BVG layers were obtained in shapefile format from the Queensland Government Data portal and converted to raster using ArcGIS 10.1 (ESRI 2012), while all other layers were directly obtained in raster format by the eResearch group at James Cook University at a resolution of 250 m. All layers were clipped to the same extent using the ‘raster’ package (Hijmans et al. 2015) within R (R Development Core Team 2013). Pearson’s correlation coefficient was estimated for combinations of all 28 variables using the LayerStats function from the package ‘raster’ (Hijmans et al. 2015). The occurrence dataset for each species was produced using previously known records from CJH’s personal database and records collected during Round 1 of field surveys in this study. Presence records were then overlaid onto environmental grids and one record only per grid cell was retained.

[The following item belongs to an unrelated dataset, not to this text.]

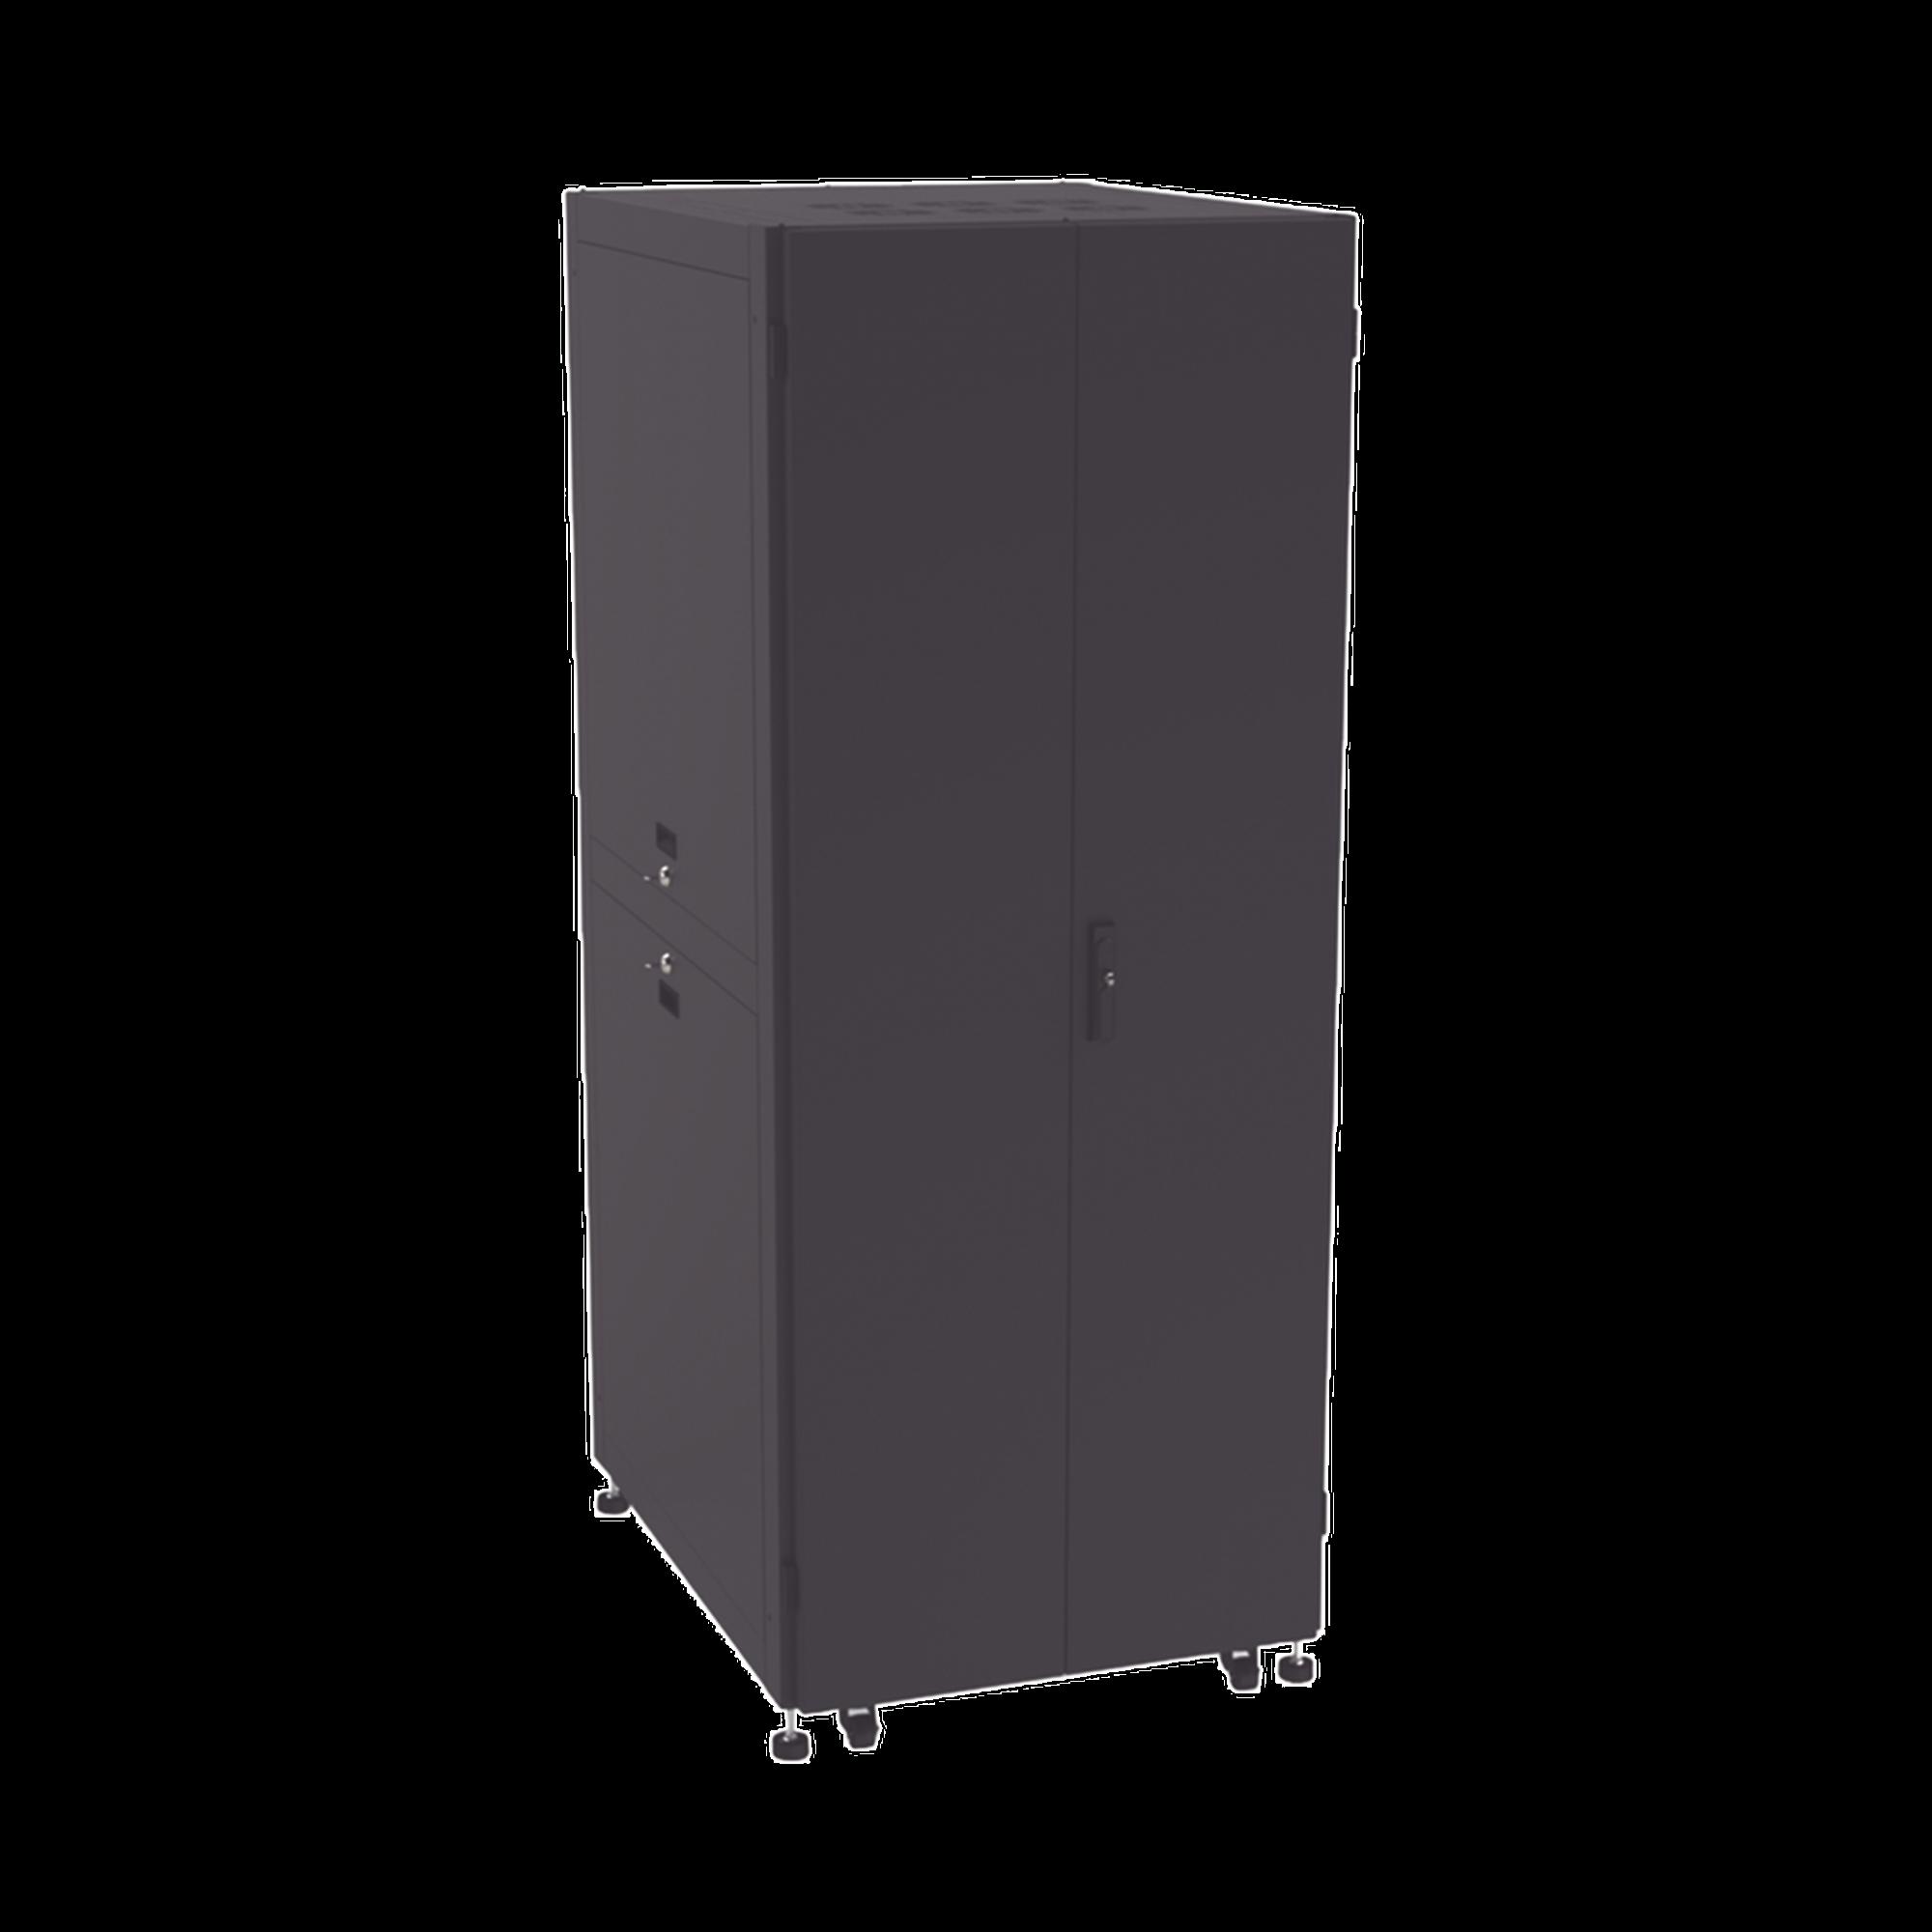 Gabinete Ancho para Telecomunicaciones de 45UR, 800 Ancho, 1000 mm Profundidad. Incluye Iluminación.

Because recent studies have shown that using MAXENT with default parameters can result in poorly performing models (Shcheglovitova and Anderson 2013; Radosavljevic and Anderson 2014), and that species-specific tuning can increase robustness to sampling bias (Anderson and Gonzalez 2011), all models were fine-tuned using the R package ‘ENMeval’ (Muscarella et al. 2014). Four feature class combinations (Linear, L; Linear and Quadratic, LQ; Linear, Quadratic and Hinge, LQH; Hinge, H) and regularisation multipliers from 0.5 to 5, with intervals of 0.25, were tested. The function ENMevaluate calculates several evaluation metrics: area under the curve (AUC), minimum training presence omission rate (ORmin), 10% training omission rate (OR10) (Peterson 2011), and the Akaike Information Criterion corrected for small samples sizes (AICc) (Burnham and Anderson 2004; Warren and Seifert 2011). AUC has been widely adopted to evaluate the discriminatory ability of SDMs, but recent studies have shown its limitations, especially for presence-only methods used to predict potential distributions (Jiménez‐Valverde 2012). Thus, the best model was selected using AICc, as Warren and Seifert (2011) found AICc to be the best-performing metric for small sample sizes. All SDMs adopted 10 000 pseudoabsence points, selected at random from a 75-km buffer around occurrence points. The extent of the buffer was chosen following VanDerWal et al. (2009a) on the extent for pseudoabsence selection in the Australian Wet Tropics region. Targeted choice of pseudoabsences to correct for sampling bias was not implemented, as no common sampling bias could be identified for all presence points. Sampling was conducted in different environments (i.e. hilltops and mountaintops, rainforest gullies, rocky outcrops) and at different distances from roads (<1 km to 10 km from roads).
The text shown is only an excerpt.